Work request →
Within the entries below, please retype exactly the lines starting with the line that has "슈베르트: 가곡집 22집" and going on through the line that has "Assistive Technology Strategy", but not the pictures.

Entries shown →
↓↓↓

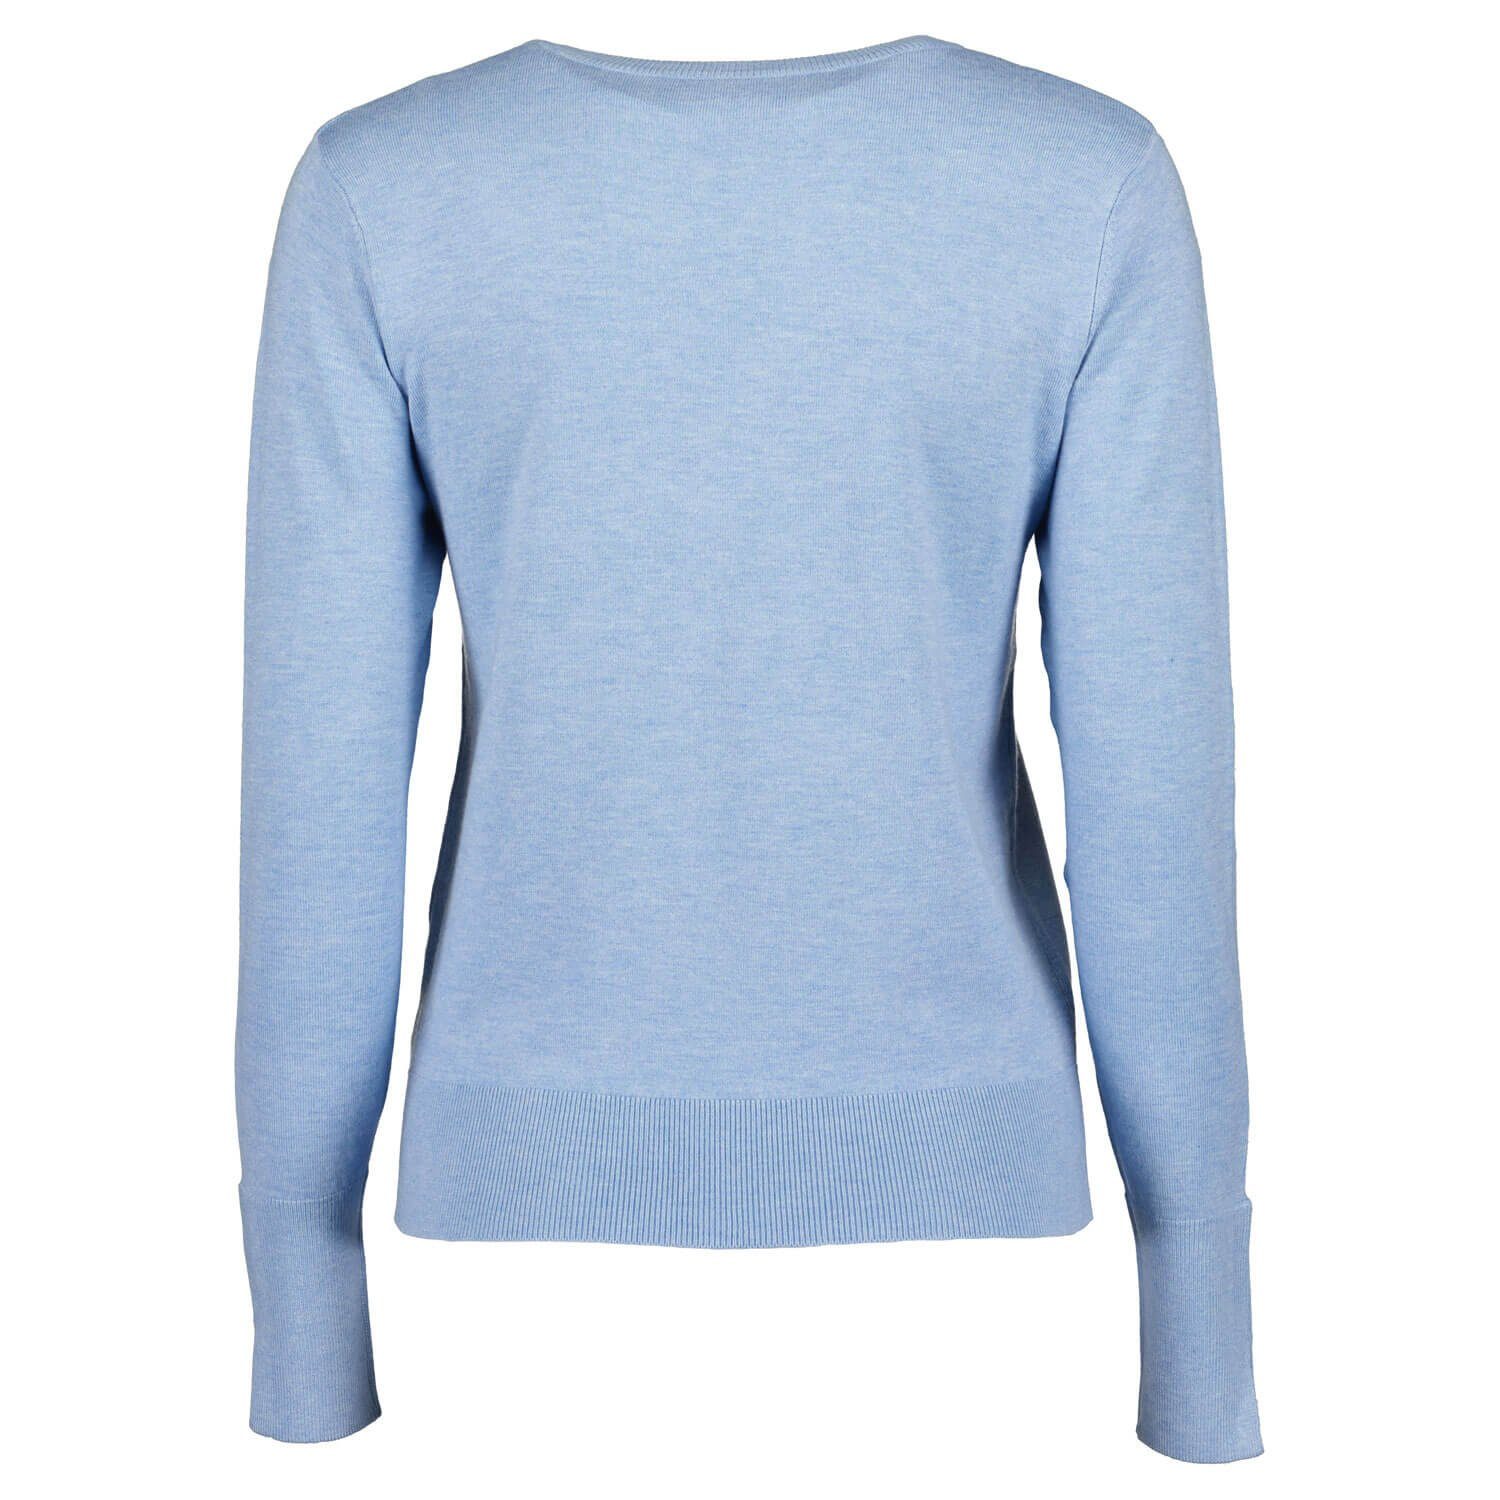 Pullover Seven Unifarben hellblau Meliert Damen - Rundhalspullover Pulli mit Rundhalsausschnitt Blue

↑↑↑
↓↓↓

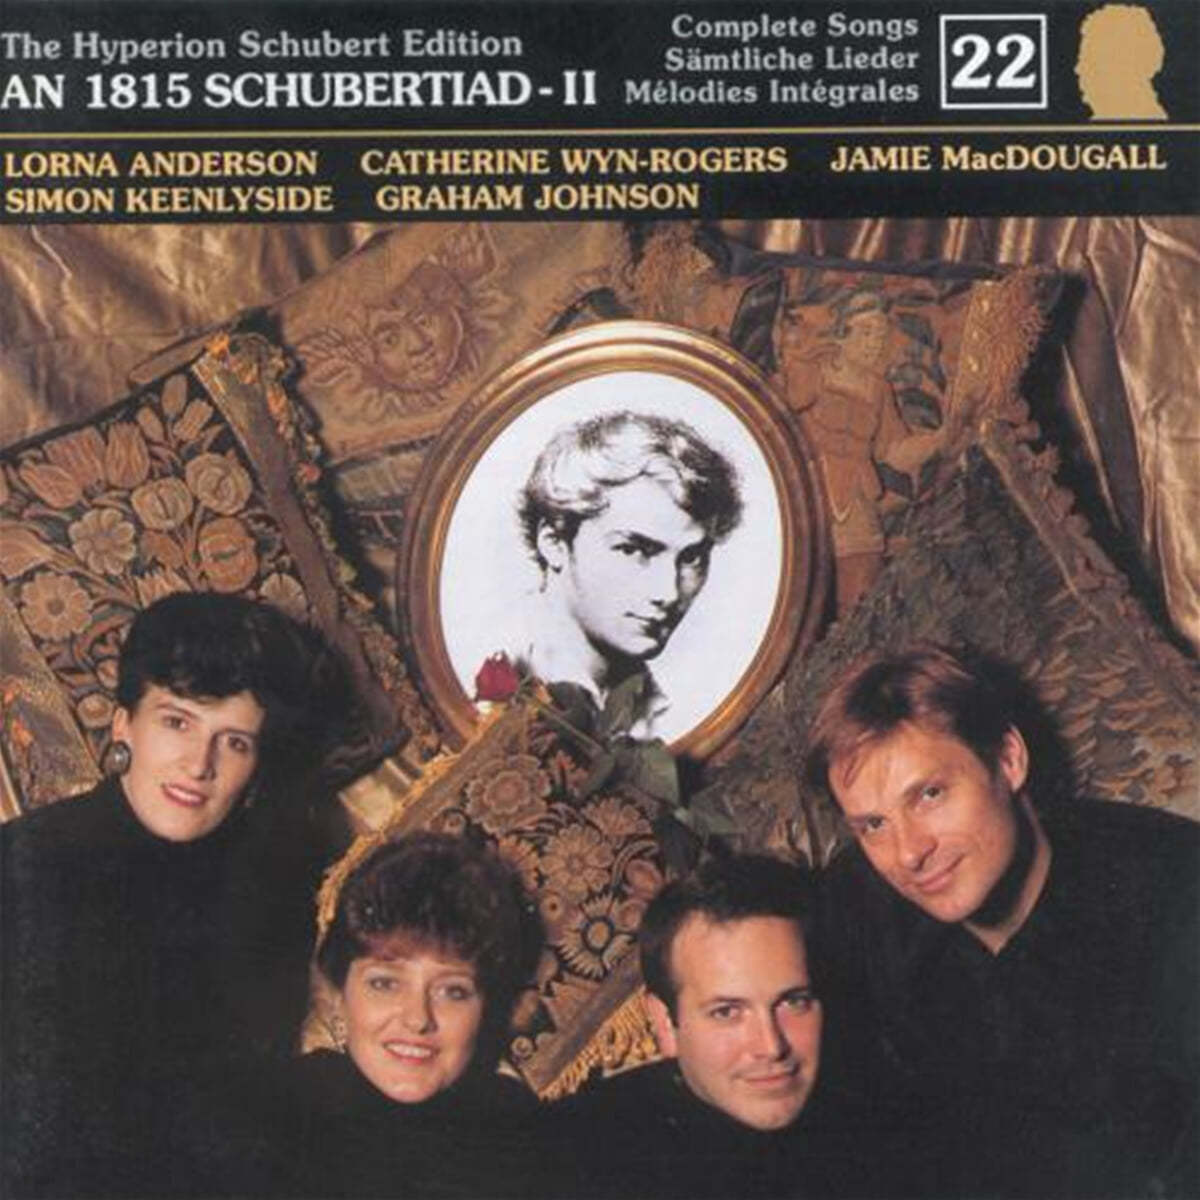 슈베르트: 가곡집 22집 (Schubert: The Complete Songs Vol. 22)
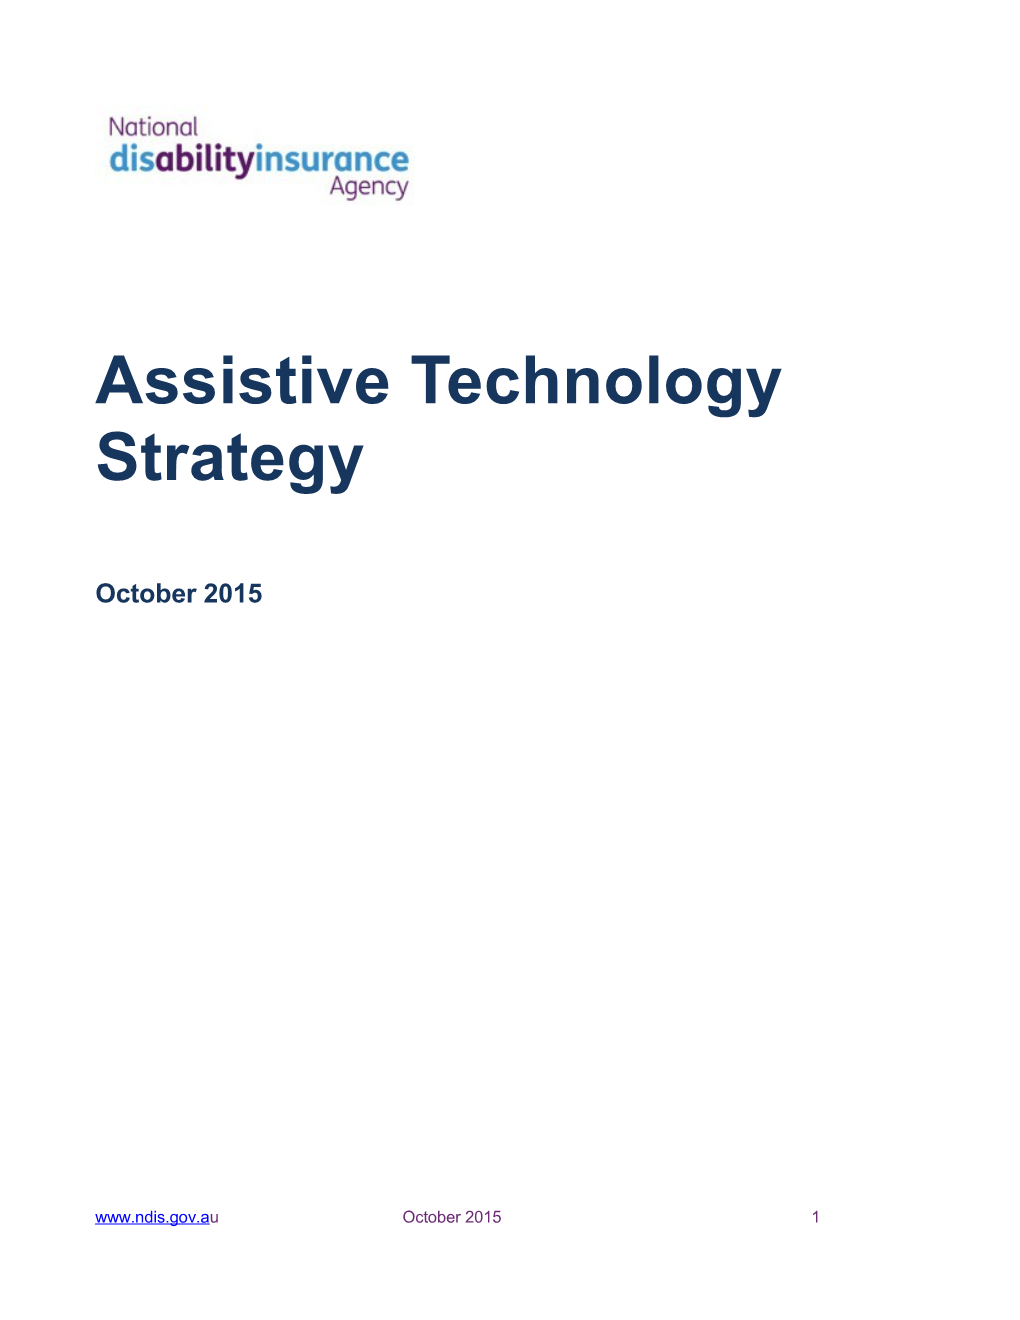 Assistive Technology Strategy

↑↑↑

Task solution →
 슈베르트: 가곡집 22집 (Schubert: The Complete Songs Vol. 22)
 Assistive Technology Strategy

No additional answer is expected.